● Information supplied
==*==

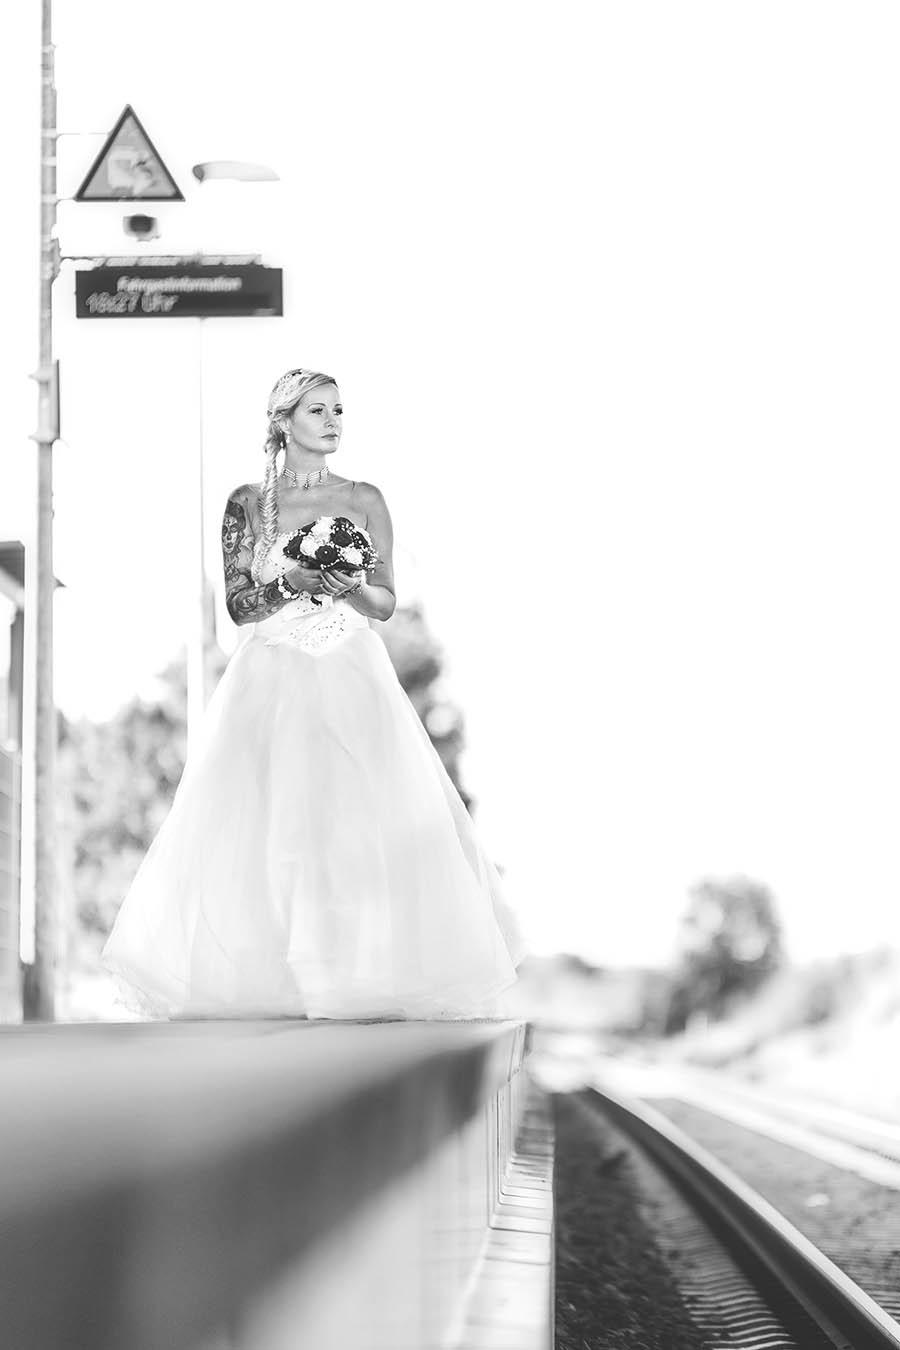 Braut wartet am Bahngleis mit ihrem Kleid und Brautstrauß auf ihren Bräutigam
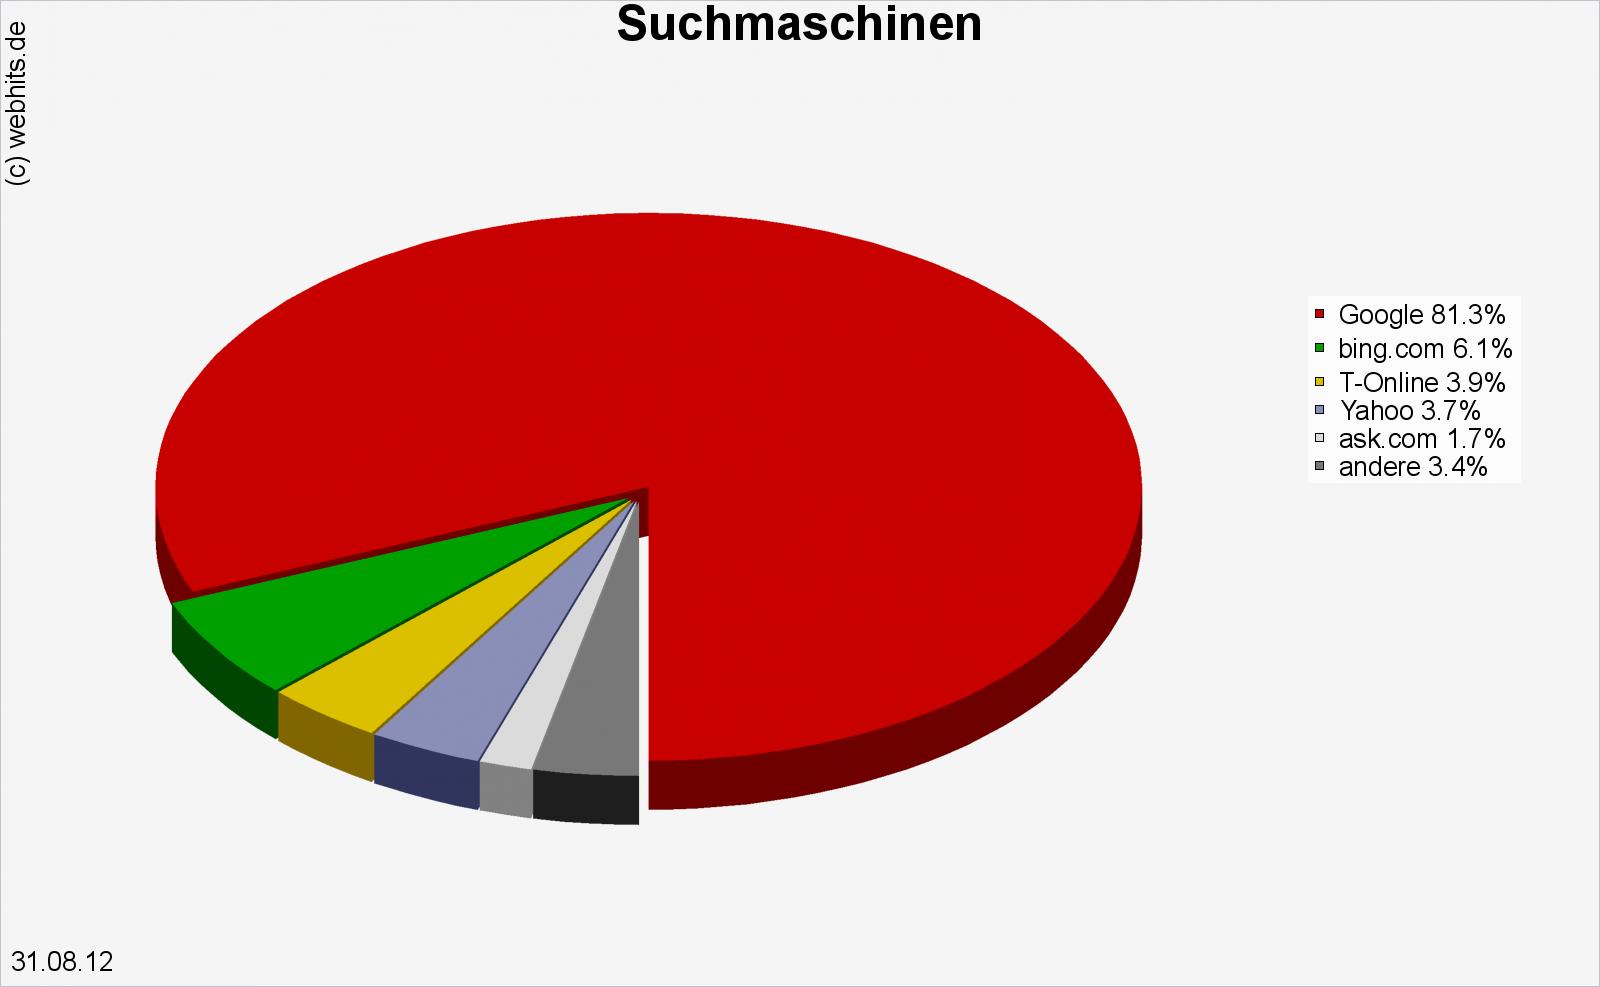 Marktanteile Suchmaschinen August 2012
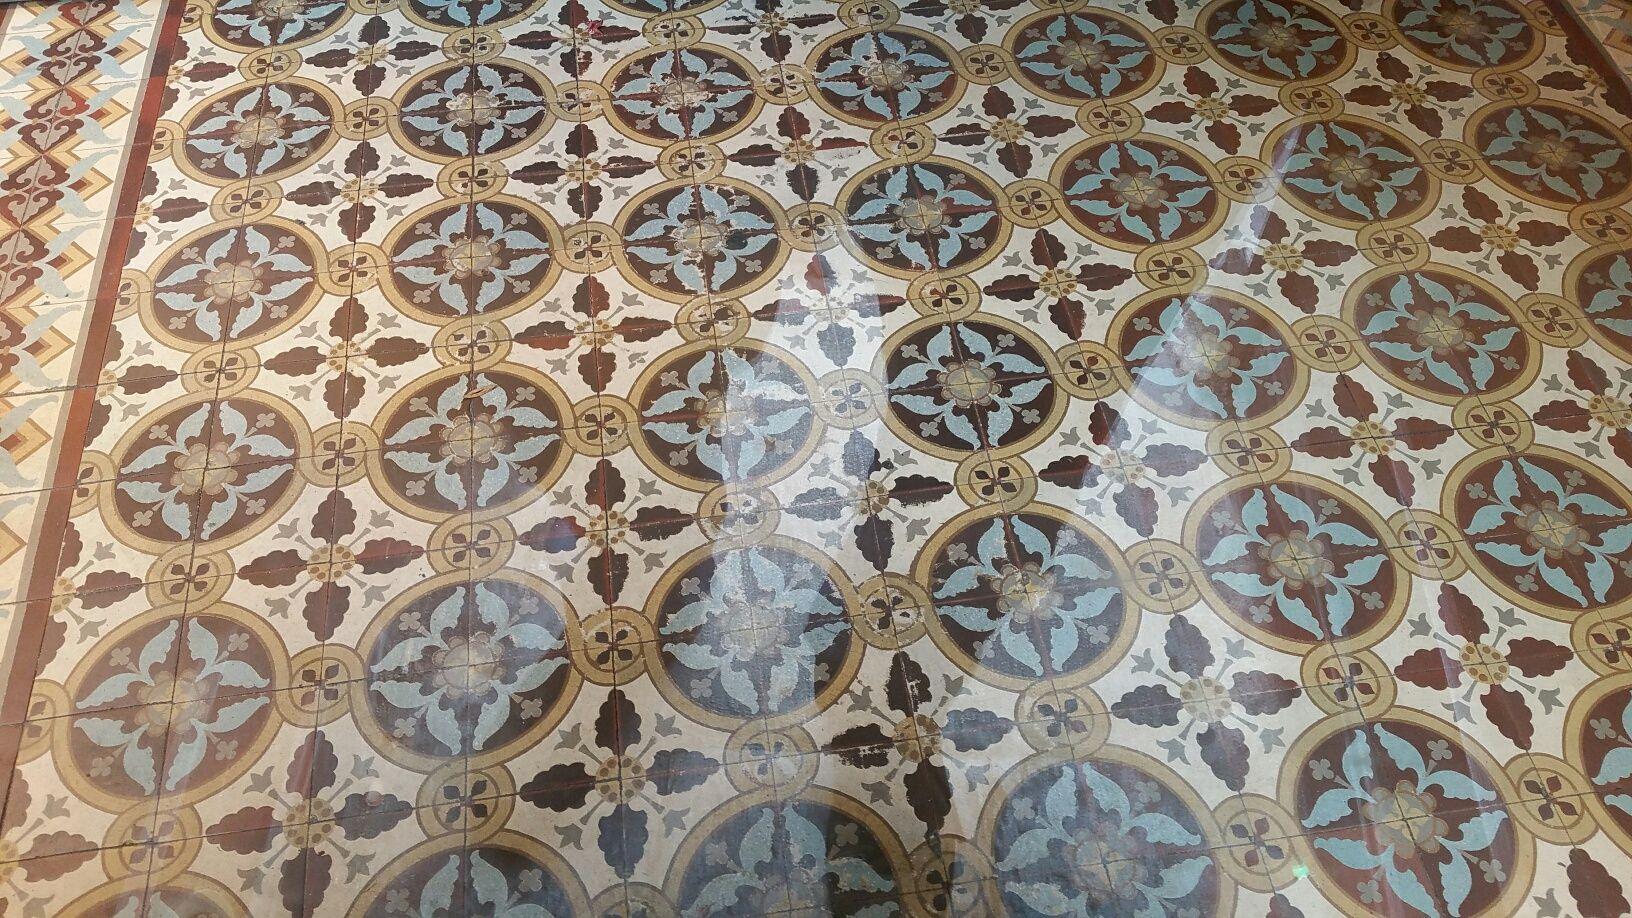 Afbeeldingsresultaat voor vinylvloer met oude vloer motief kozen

==*==

● Work order
Every line above should be returned word for word, with the pictures left behind.

● Result of this exercise
 Braut wartet am Bahngleis mit ihrem Kleid und Brautstrauß auf ihren Bräutigam
 Marktanteile Suchmaschinen August 2012
 Afbeeldingsresultaat voor vinylvloer met oude vloer motief kozen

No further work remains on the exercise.